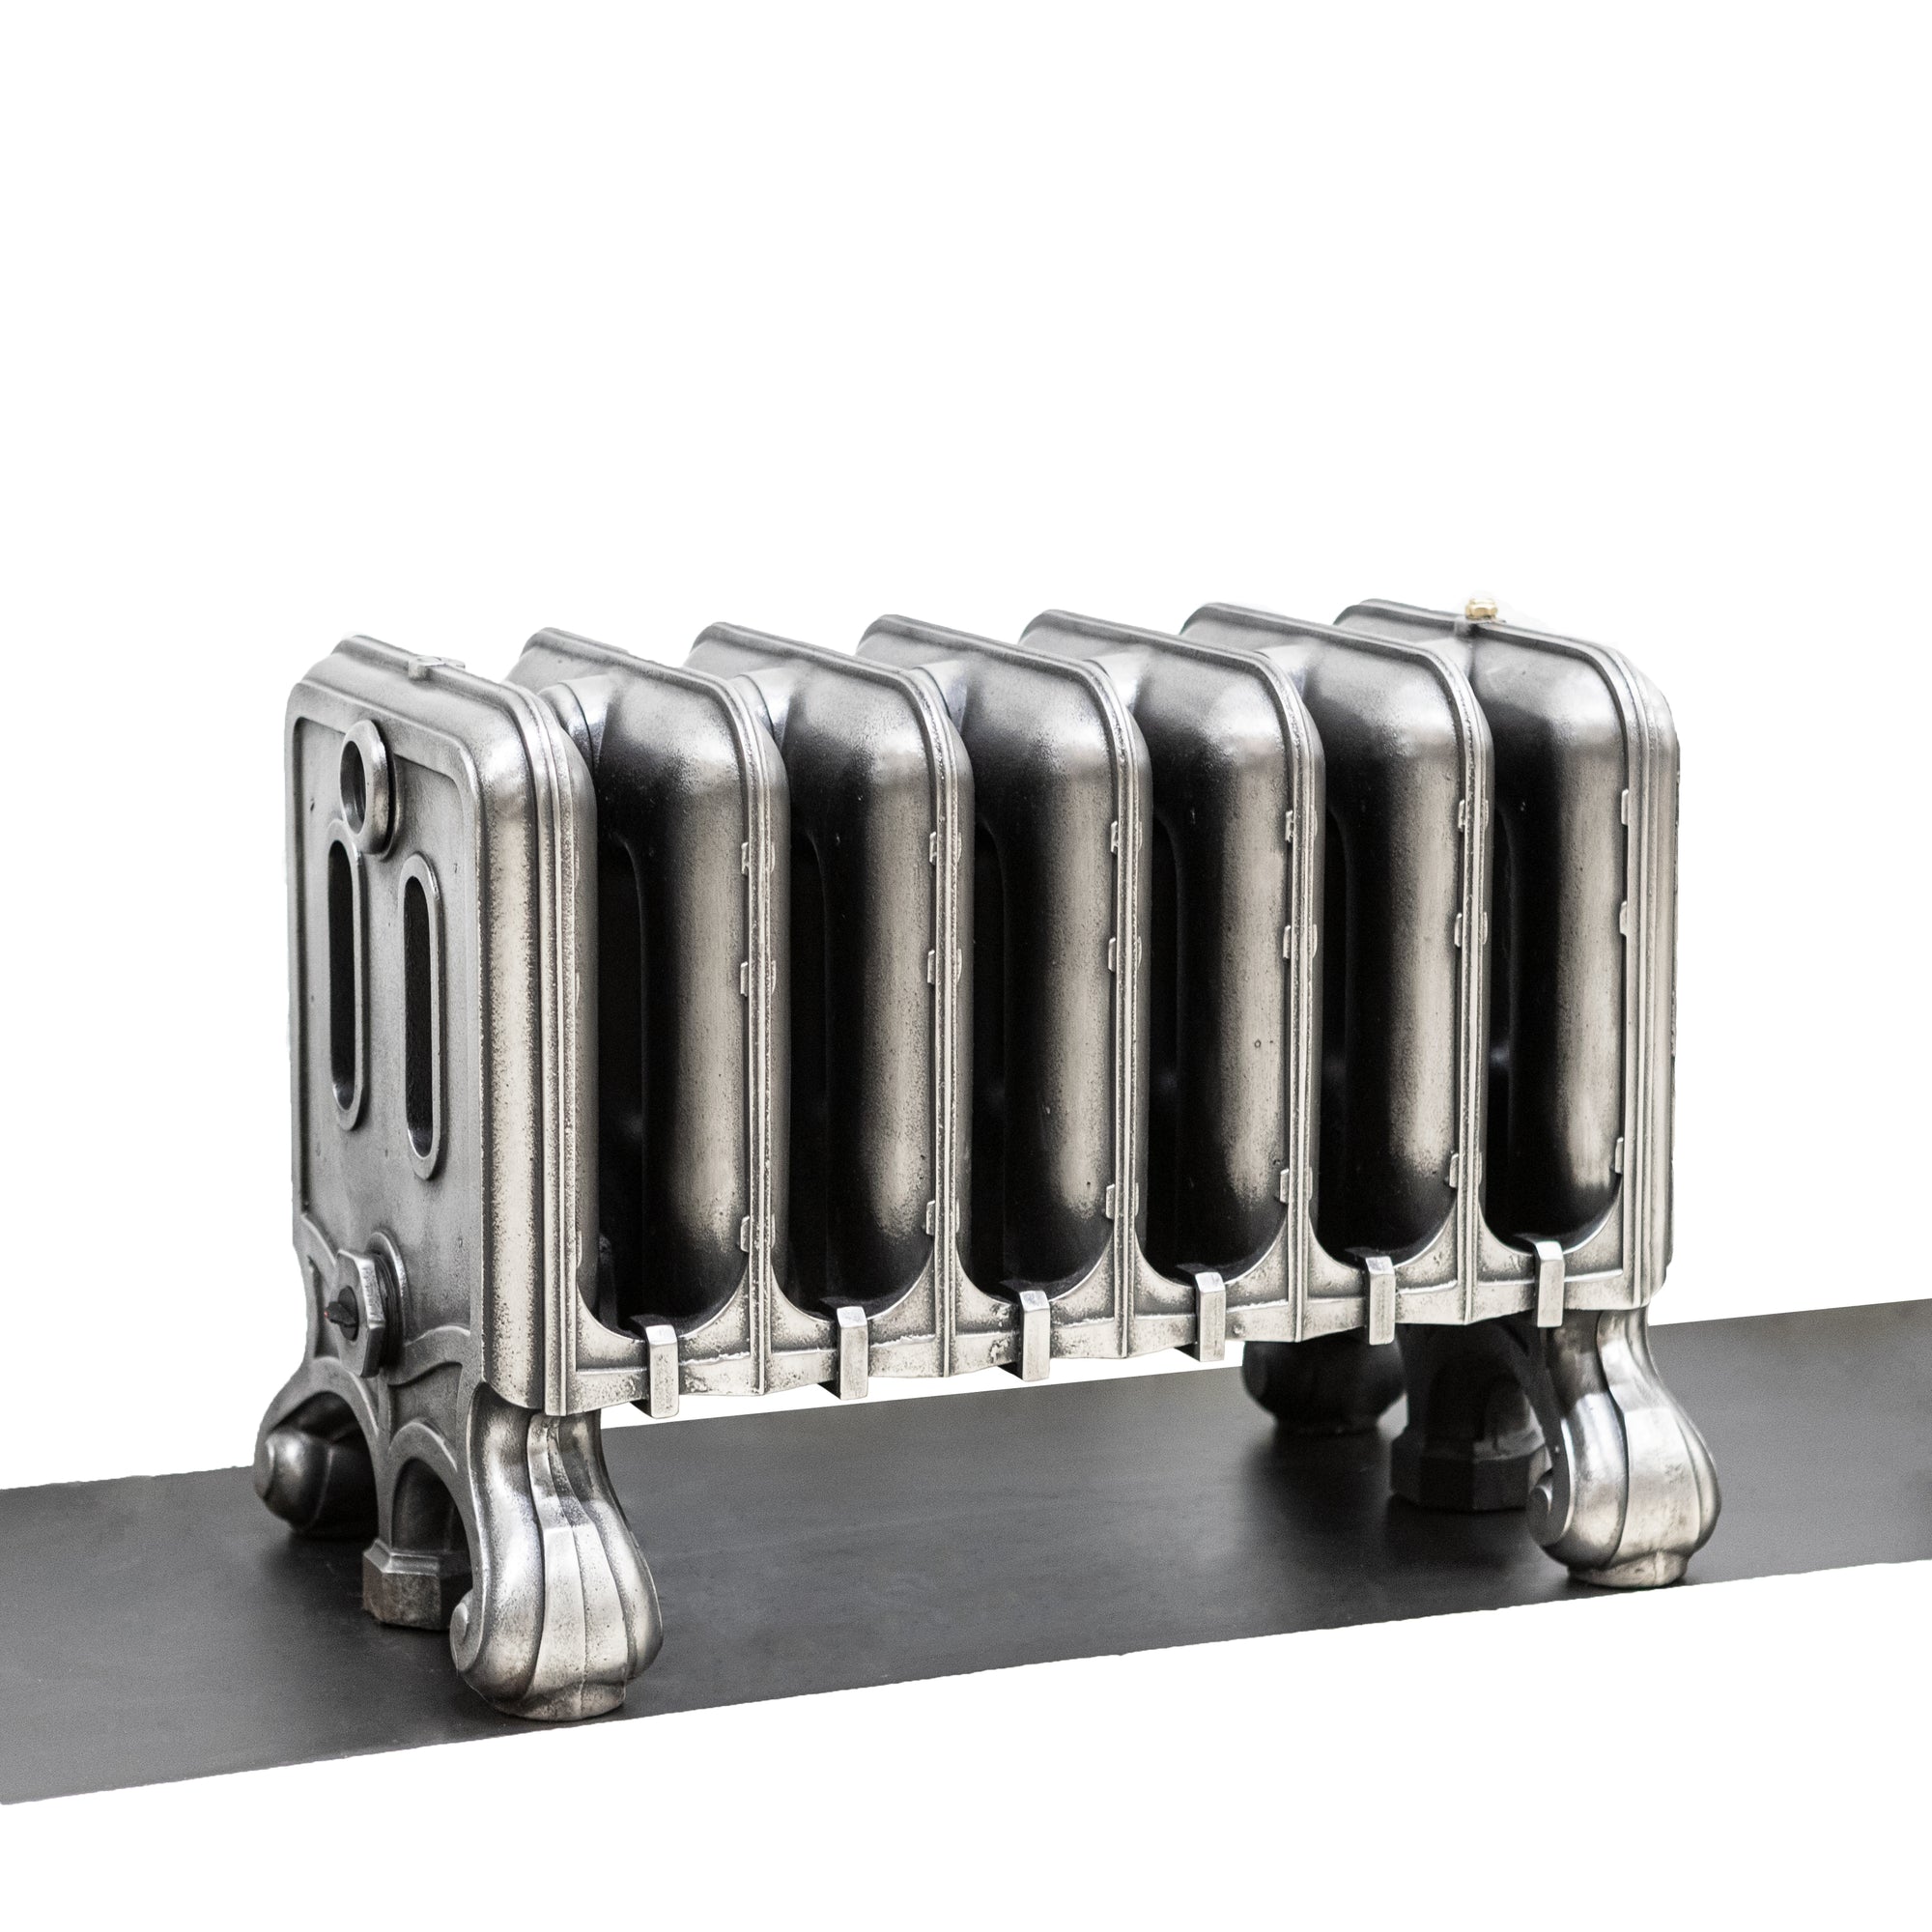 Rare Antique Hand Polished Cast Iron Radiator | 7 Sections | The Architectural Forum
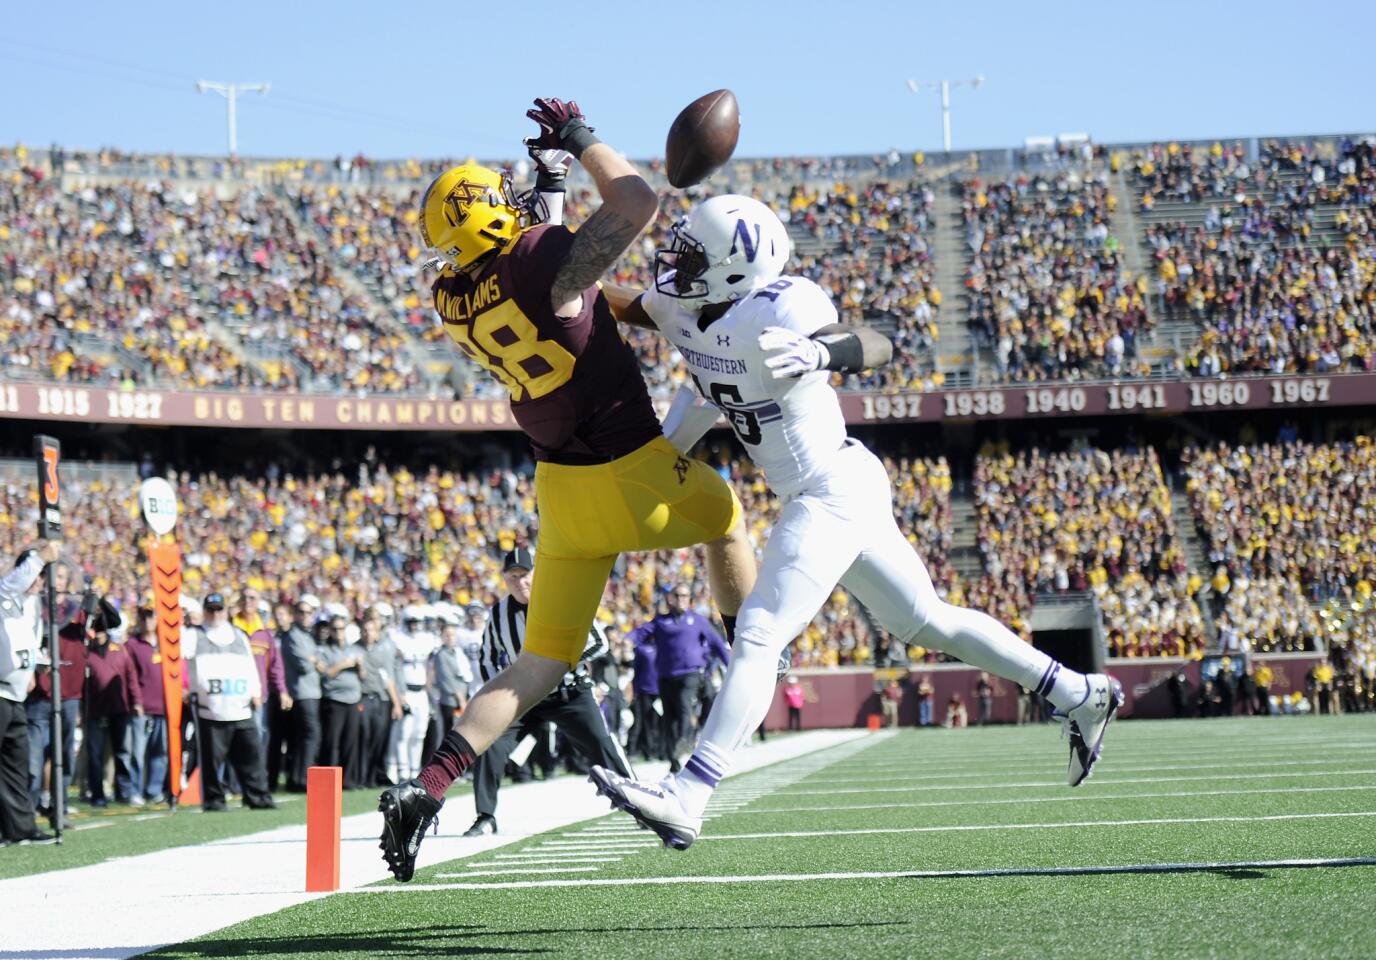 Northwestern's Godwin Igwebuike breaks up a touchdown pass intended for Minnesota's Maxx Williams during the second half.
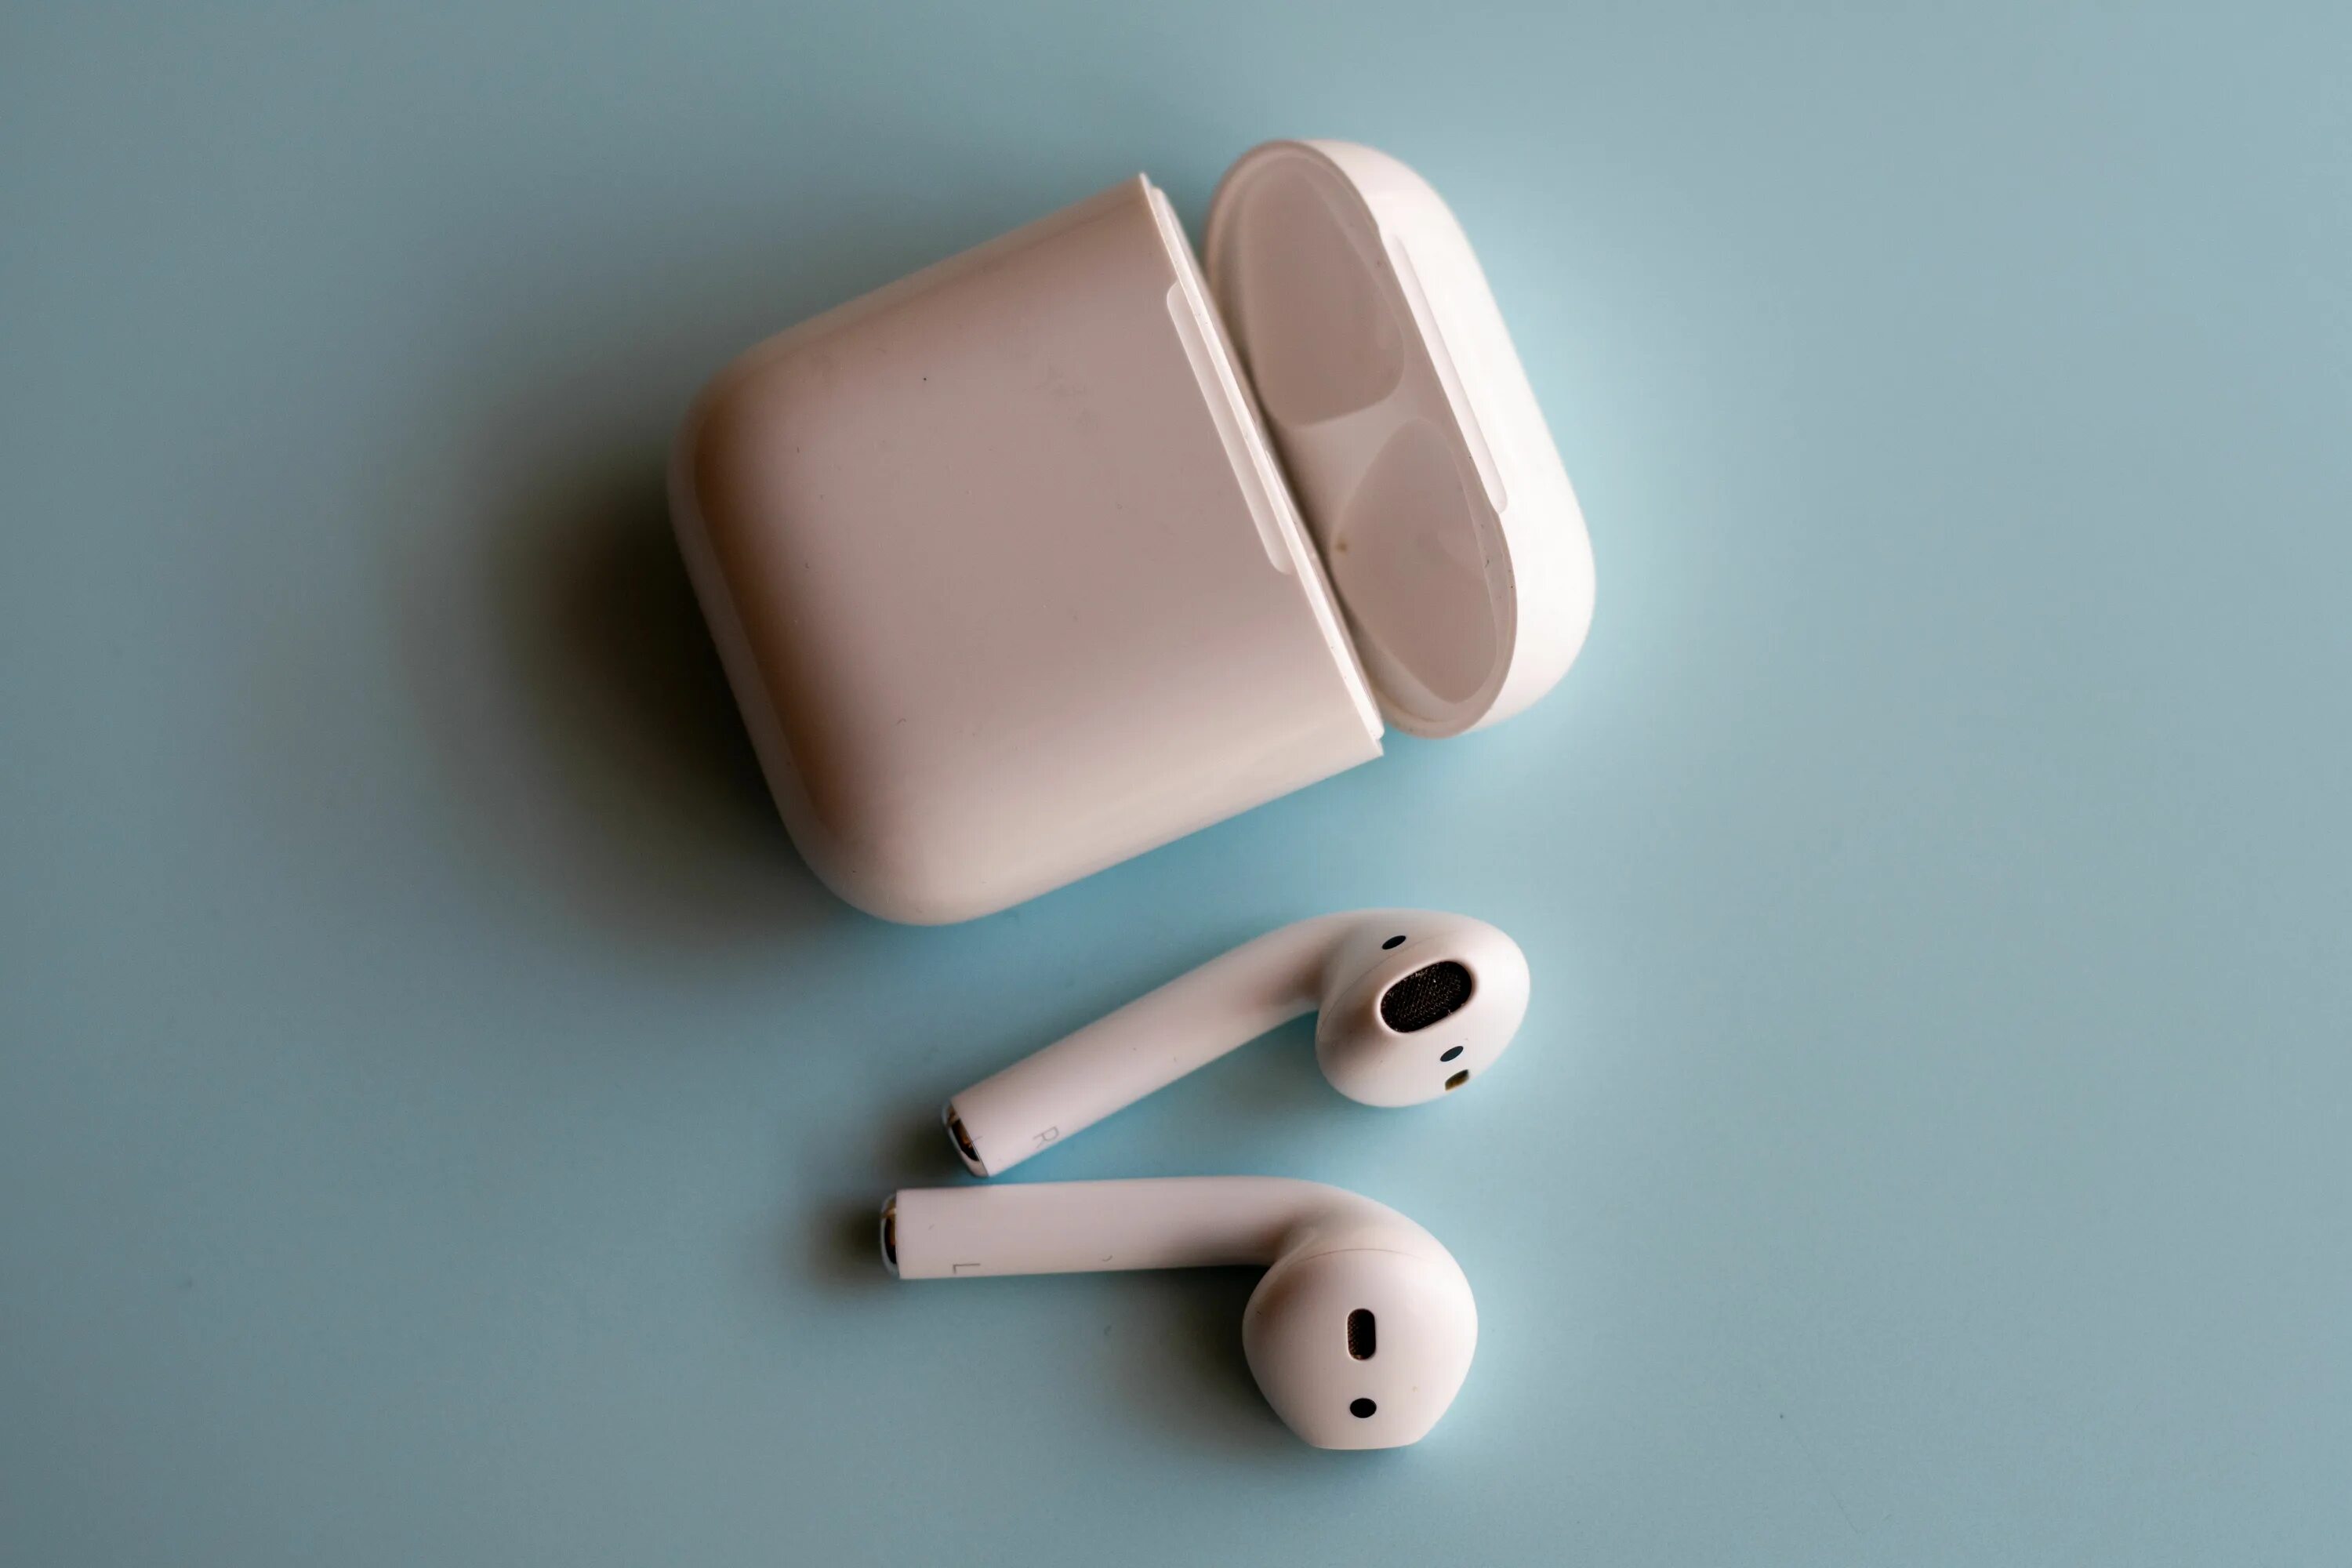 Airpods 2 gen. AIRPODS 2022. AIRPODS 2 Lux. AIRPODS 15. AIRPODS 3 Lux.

» Exercise prompt
Repeat the material above exactly; pictures do not belong in the copy.

» Output of the exercise
 Rare Antique Hand Polished Cast Iron Radiator | 7 Sections | The Architectural Forum
 Northwestern's Godwin Igwebuike breaks up a touchdown pass intended for Minnesota's Maxx Williams during the second half.
 Airpods 2 gen. AIRPODS 2022. AIRPODS 2 Lux. AIRPODS 15. AIRPODS 3 Lux.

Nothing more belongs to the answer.